The present invention is related to processing of signals and, more particularly, to encoding and decoding of signals such as digital visual or auditory data.

Perceptual coding is a known technique for reducing the bit rate of a digital signal by utilizing an advantageous model of the destination, e.g., by specifying the removal of portions of the signal that are unlikely to be perceived by a human user. **150** in **140** from the entropy code are scaled according to the quantization **120** applied during compression. If the encoder is to apply a sophisticated perceptual model to determine how to quantize each coefficient the decoder must somehow obtain or recompute the resulting quantization intervals to perform inverse quantization.

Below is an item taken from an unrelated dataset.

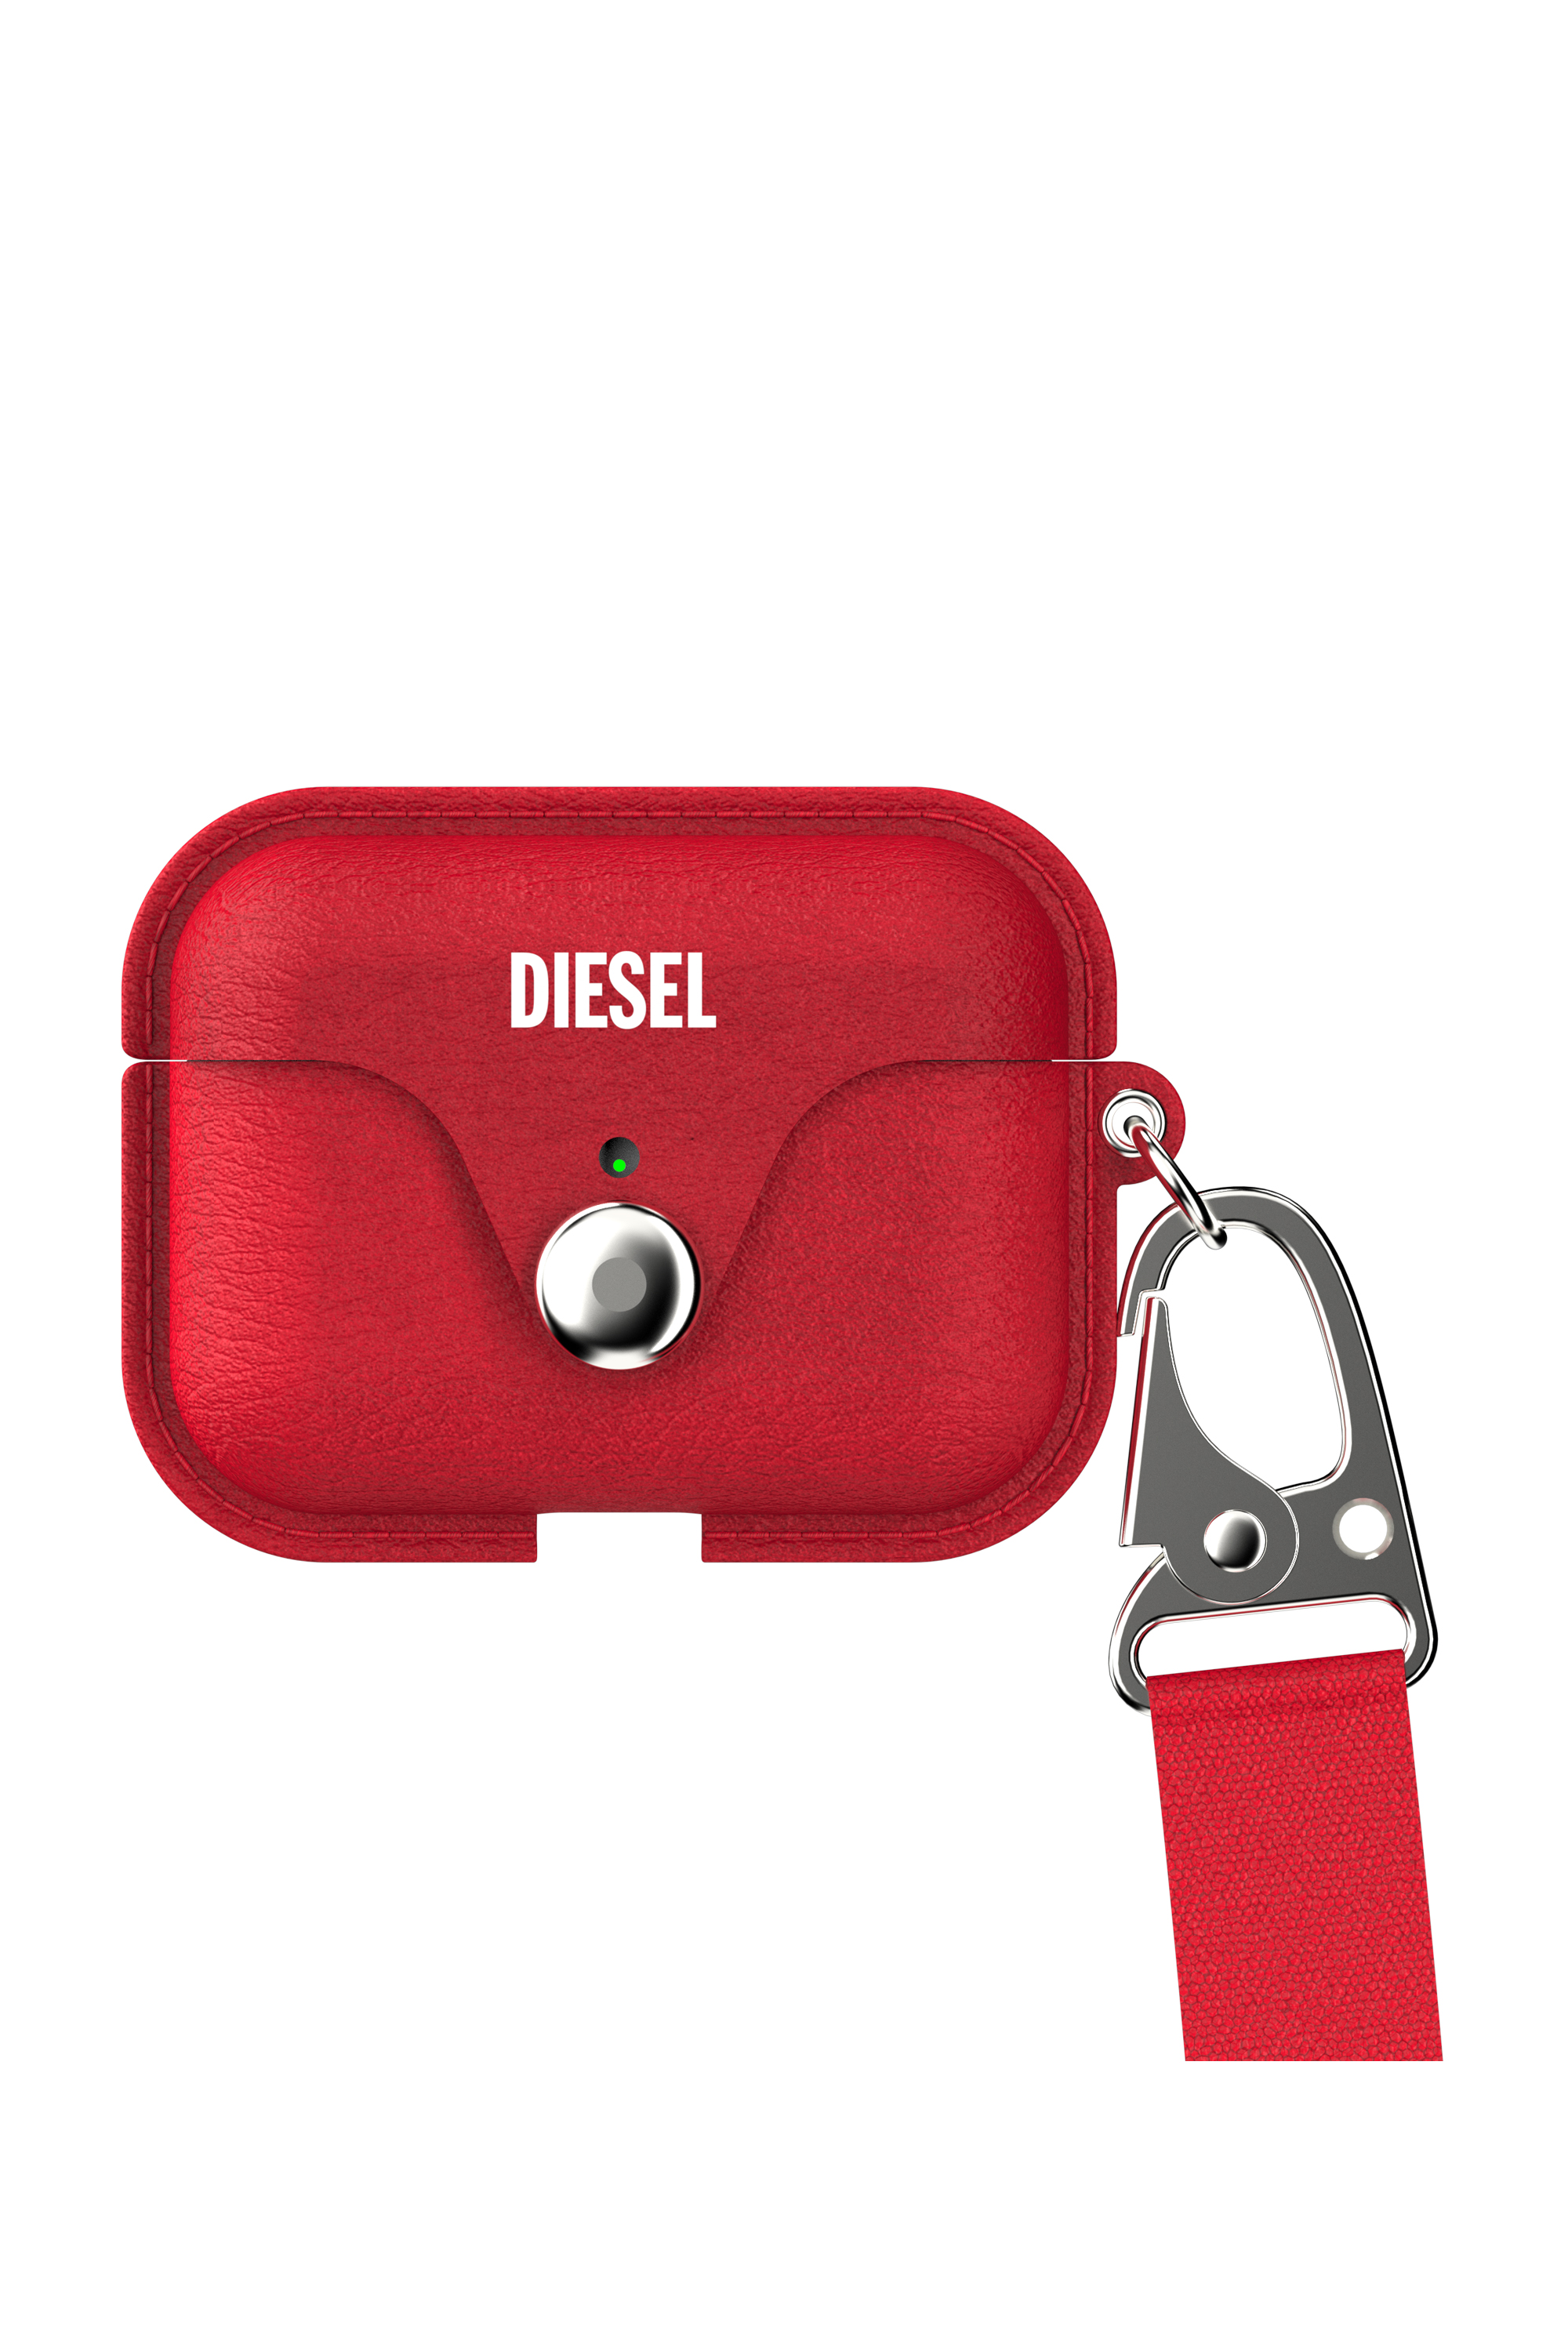 Diesel - 49860 AIRPOD CASE, Rojo - Image 1
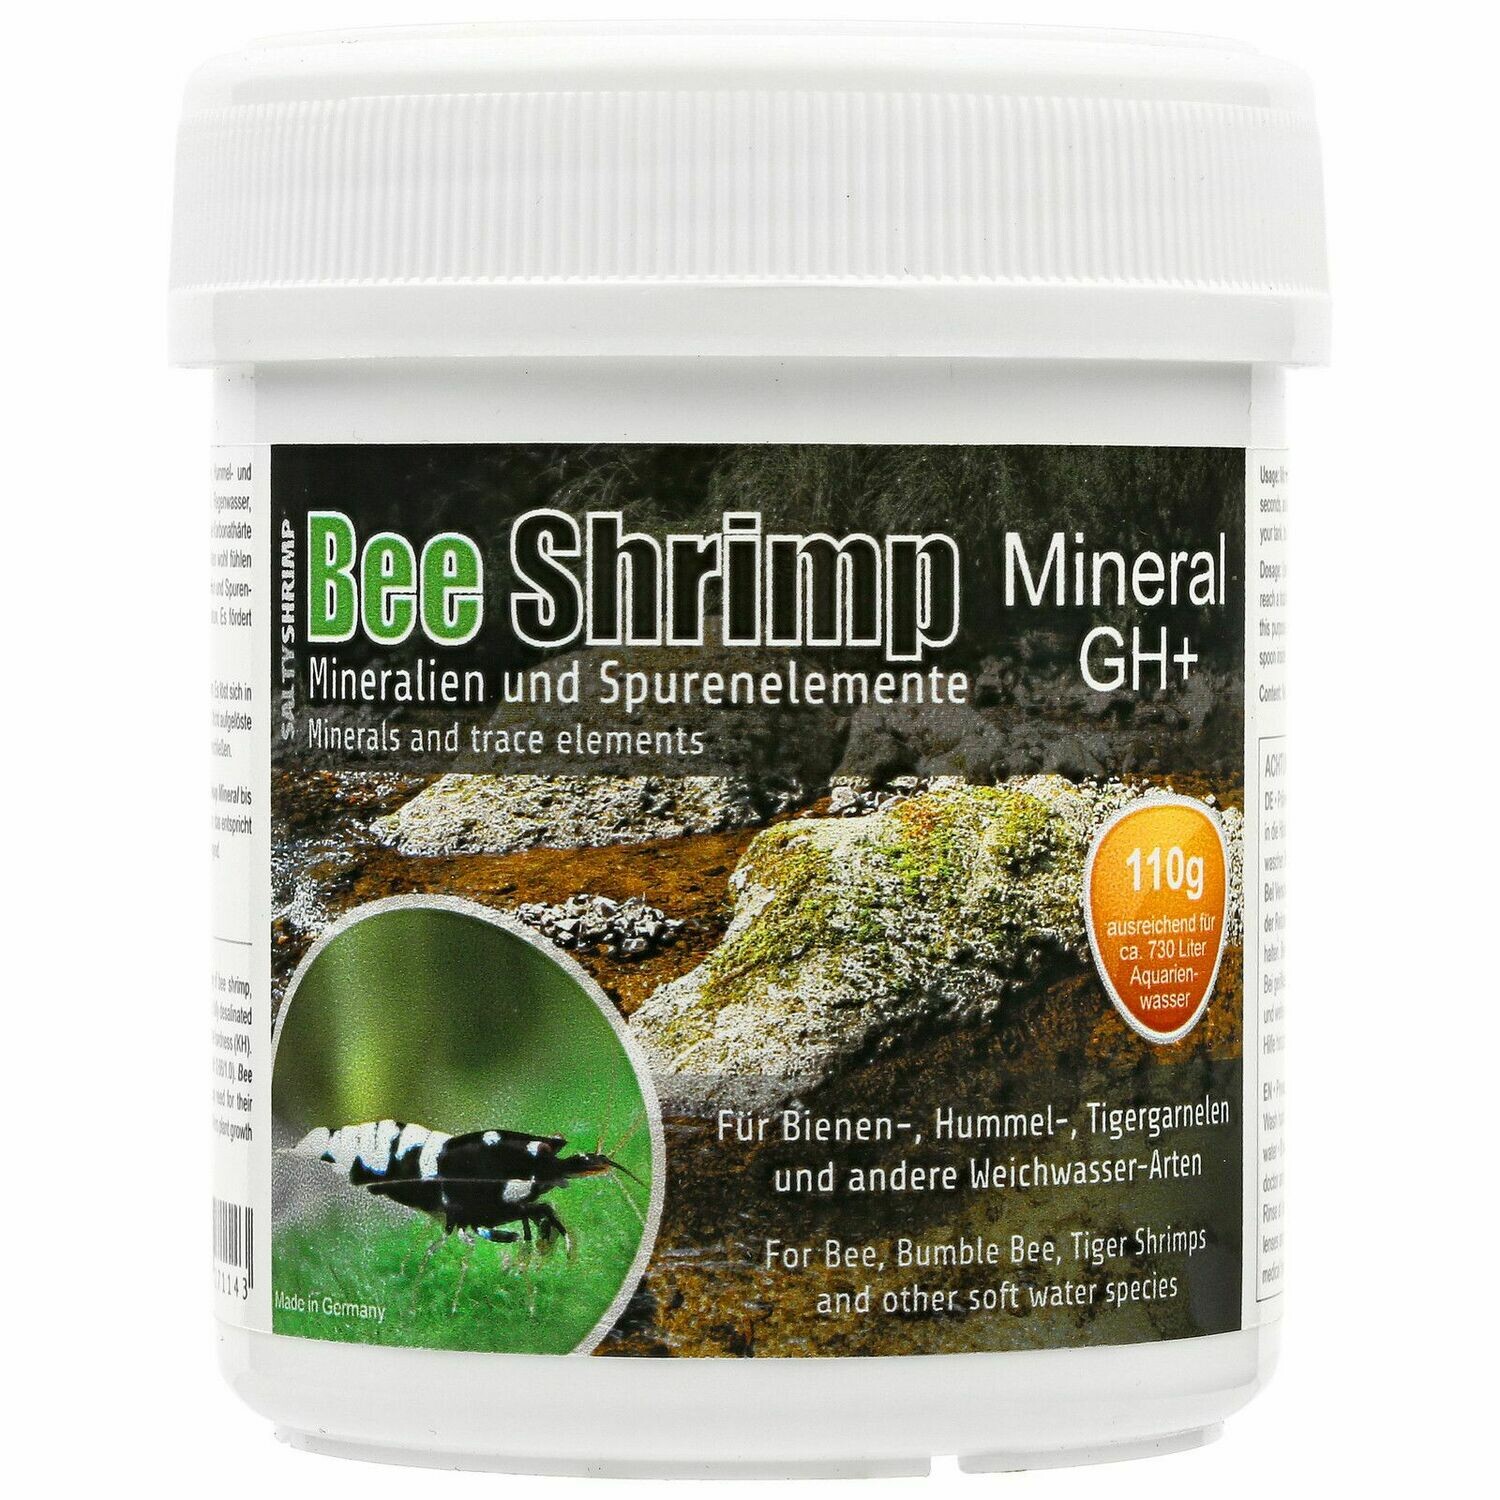 Salty Shrimp Bee Shrimp Mineral GH+ - 110g / 230g

The simplest approach to addressing this issue is to use predefined quantization intervals, based on a priori information known about the coefficients, such as the frequencies and orientations of the corresponding basis functions. The quantization of a coefficient, accordingly, depends only on the position of that coefficient in the transform and is independent of the surrounding context. See, e.g., ITU-T Rec. T.81, “Digital Compression and Coding of Continuous-Tone Still Images—Requirements and Guidelines,” International Telecommunication Union, CCITT (September 1992) (IPEG standard, ISO/IEC 10918-1). Although this approach is very efficient, it is very limited and cannot take advantage of any perceptual phenomena beyond those that are separated out by the transform **110**. A more powerful approach is to define a perceptual model that can be applied in the decoder during decompression. During compression, the encoder dynamically computes a quantization interval for each coefficient based on information that will be available during decoding; the decoder uses the same model to recompute the quantization interval for each coefficient based on the values of the coefficients decoded so far. See, e.g., ISO/IEC 15444-1:2000, “JPEG2000 Part I: Image Coding System,” Final Committee Draft Version 1.0 (Mar. 16, 2000) (JPEG2000 standard); ISO/IEC JTC 15444-2:2000, “IPEG2000 Part II: Extensions,” Final Committee Draft, (Dec. 7, 2000) (point-wise extended masking extension). While a well-designed system using such recomputed quantization can yield dramatic improvements over predefined quantization, it is still limited in that the perceptual model utilized cannot involve any information lost during quantization, and the quantization of a coefficient cannot depend on any information that is transmitted after that coefficient in the bitstream. The most flexible approach in the prior art is to include some additional side information in the coded bitstream, thereby giving the decoder some hints about how the coefficient values were quantized. Unfortunately, side-information adds bits into the bitstream and, thus, lowers the compression ratio.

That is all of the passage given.